A few days ago, two professors (Leif Weatherby and Benjamin Recht) published an opinion piece in the New York Times calling attention to Axios publishing a story on maternal health using invented polling results:
A recent Axios story on maternal health policy referred to “findings” that a majority of people trusted their doctors and nurses. On the surface, there’s nothing unusual about that. What wasn’t originally mentioned, however, was that these findings were made up.
Clicking through the links revealed (as did a subsequent editor’s note and clarification by Axios) that the public opinion poll was a computer simulation run by the artificial intelligence start-up Aaru. No people were involved in the creation of these opinions.
The piece goes on to argue that this so-called “silicon sampling” is seductive because good public opinion polling is expensive, hard to do, and still prone to bias. But this shortcut magnifies the the problem of bias rather than solving it.
I’ve read a little bit about this strategy of using LLM-generated survey participants in the context of social science research in a series of posts (mostly from Prof. Jessica Hullman) over on Andrew Gelman’s blog:
- Validating language models as study participants: How it’s being done, why it fails, and what works instead (2025-12-19)

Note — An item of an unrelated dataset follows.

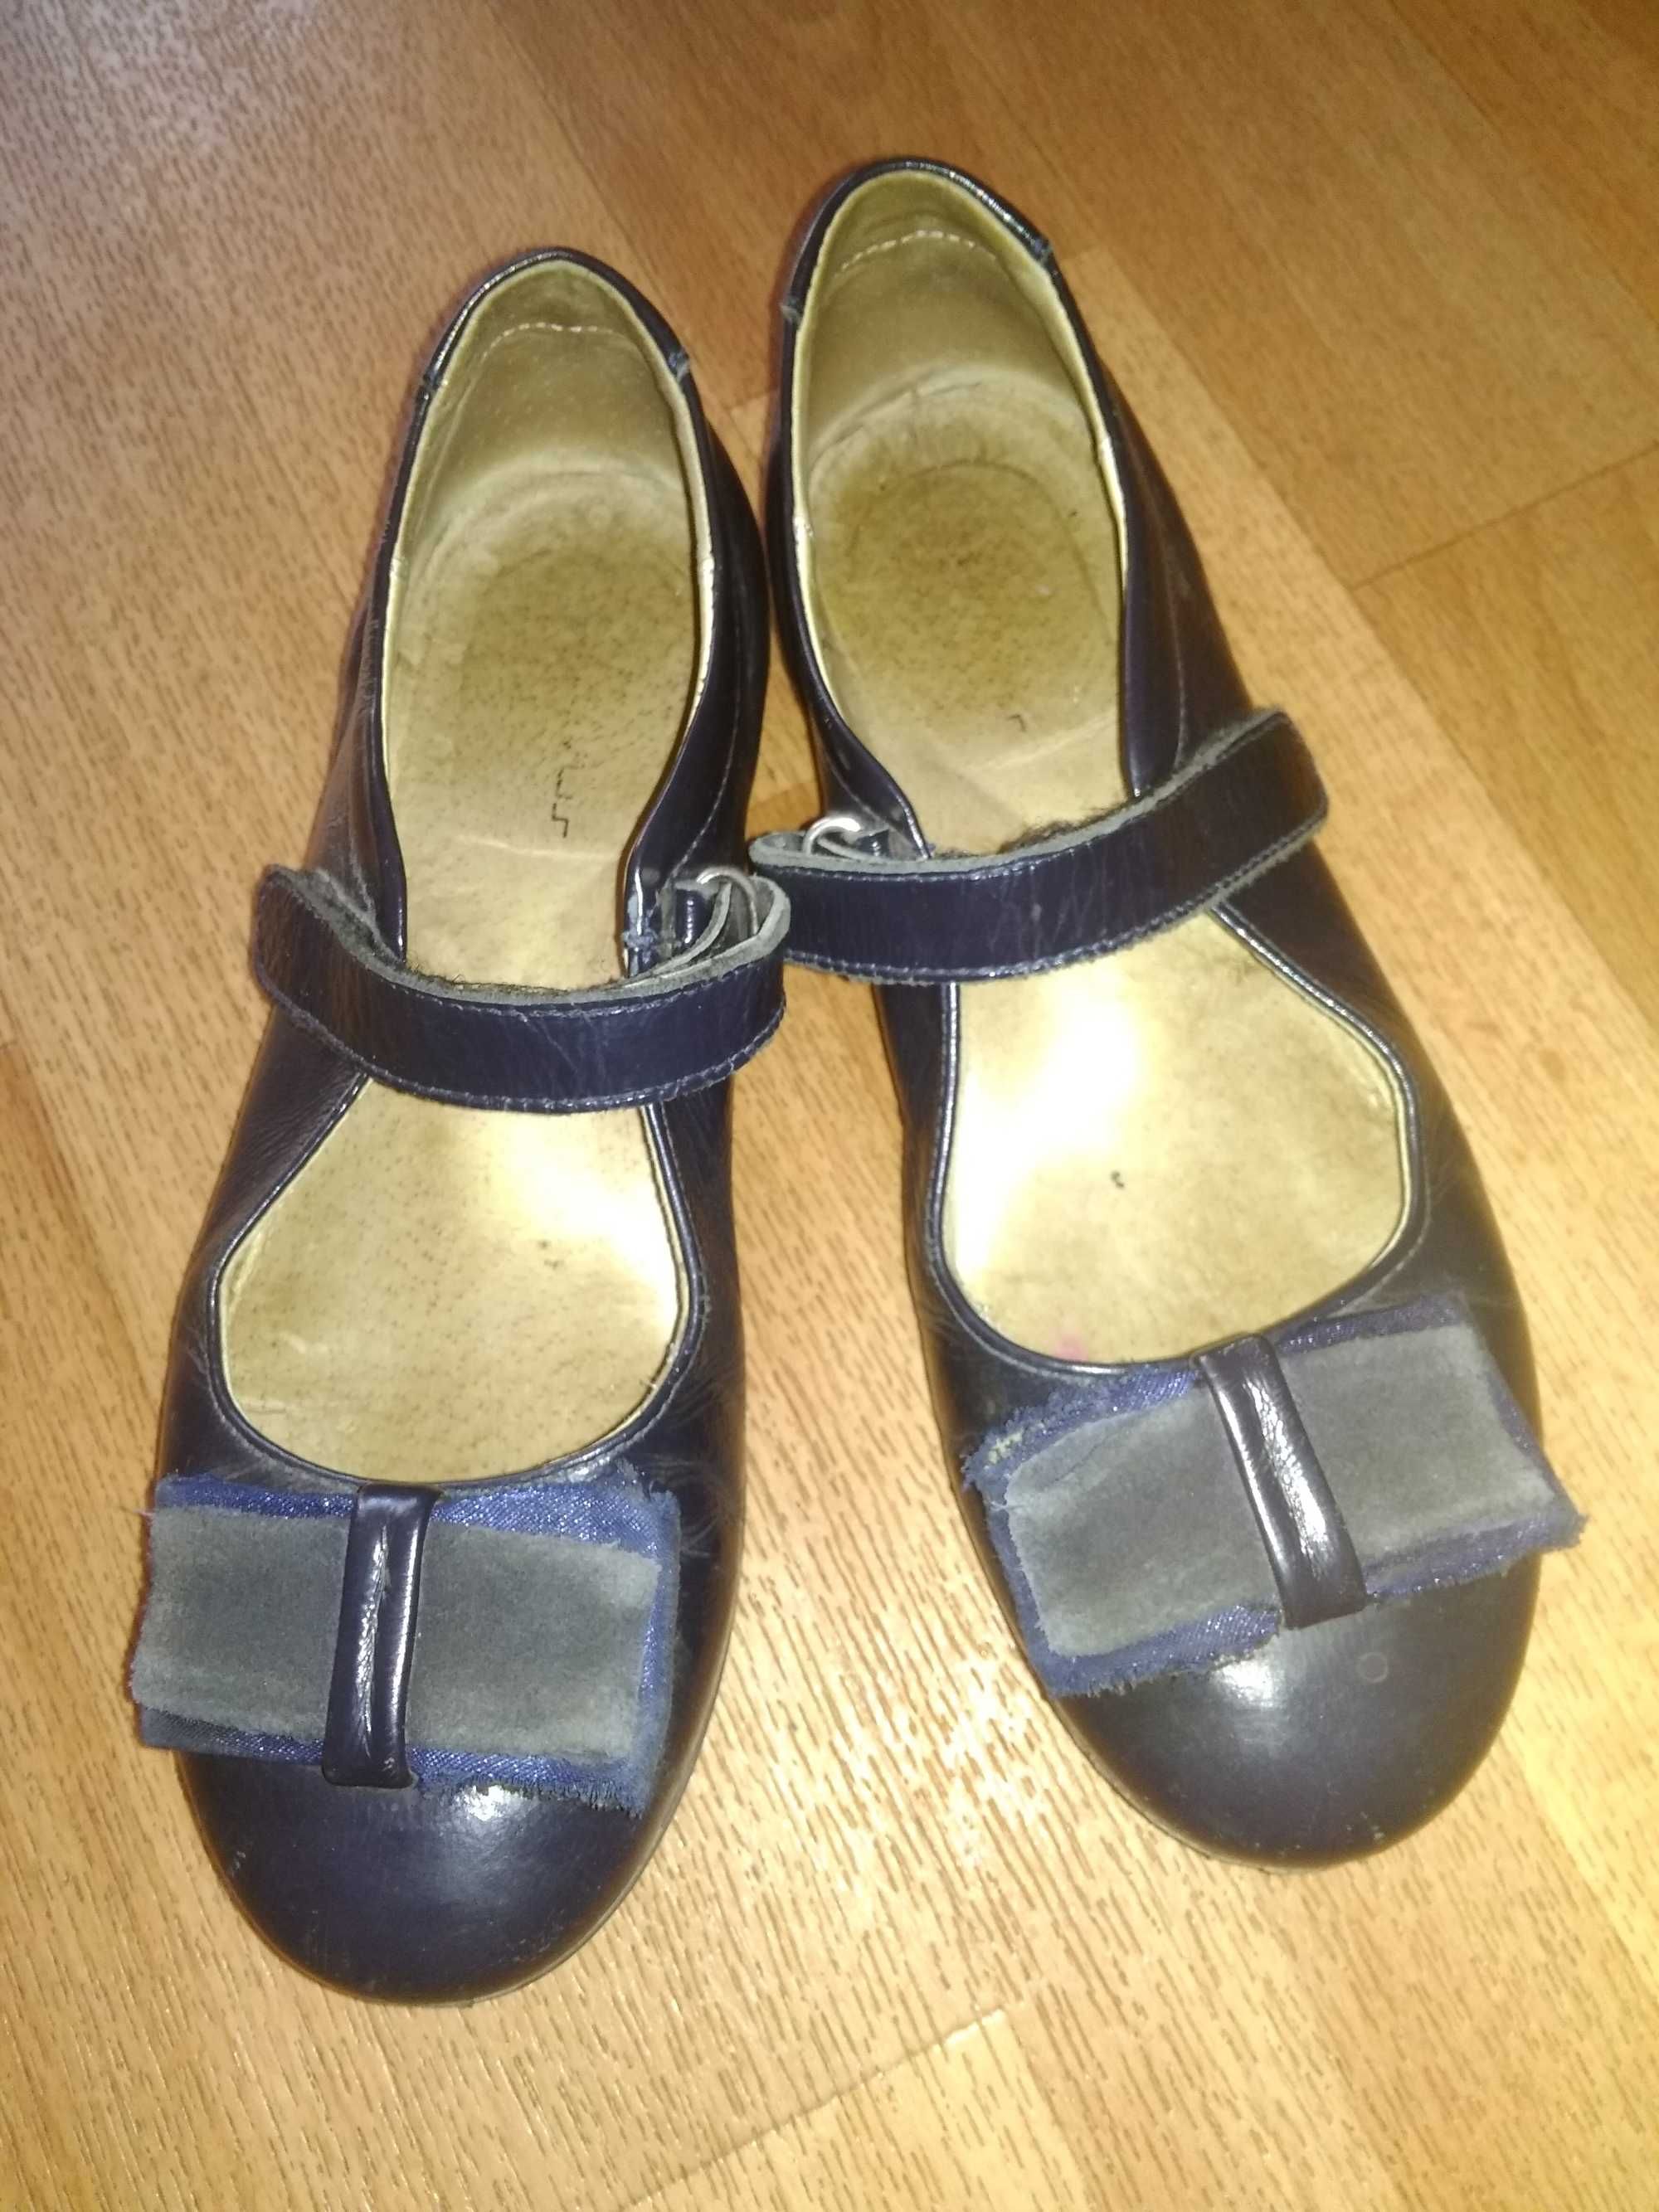 Продам туфли школьные темно синего цвета натуральная кожа р.32  100грн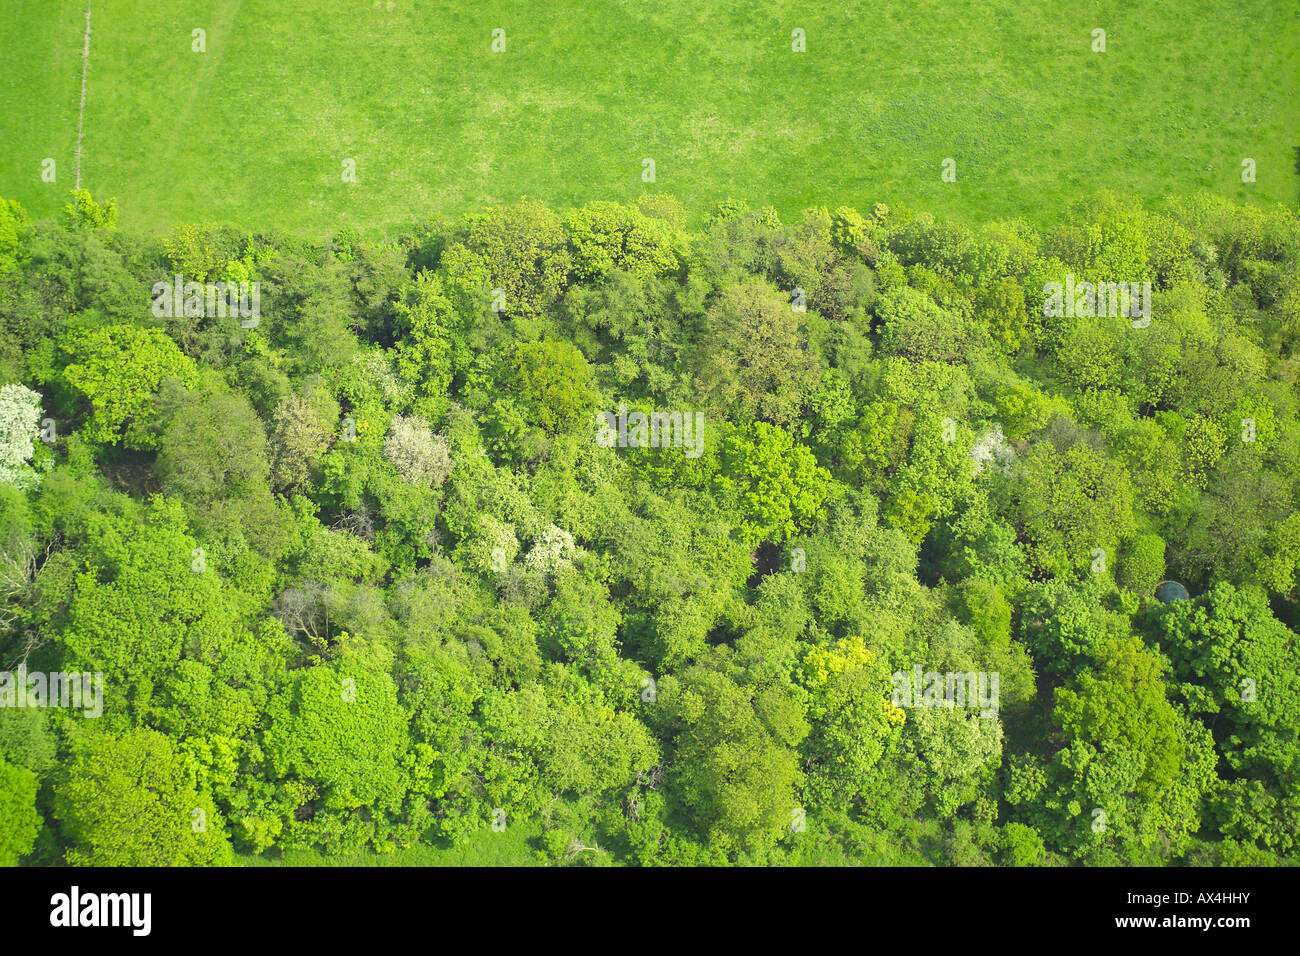 Vista aérea del bosque formado por árboles de hoja caduca en el borde de un campo Foto de stock

- Survey Statistics: Thomas Lumley writes about Interviewing your Laptop (2025-08-26)
- When does it make sense to talk about LLMs having beliefs? (2025-08-15)
- Better and worse ways to mix human and LLM responses in behavioral research (but you still have to figure what you’re measuring) (2025-06-12)
- LLMs as behavioral study participants (2025-05-29)
Silicon sampling seems moderately interesting from a research perspective, but I can’t help but agree with the New York Times opinion piece authors that this will be ruinous for the already waning trust in public opinion polling. If you didn’t bother to ask the public, then why should the public care what you “find”? I think there is probably a lot of utility in using LLM samples to aid in designing and validating surveys, though.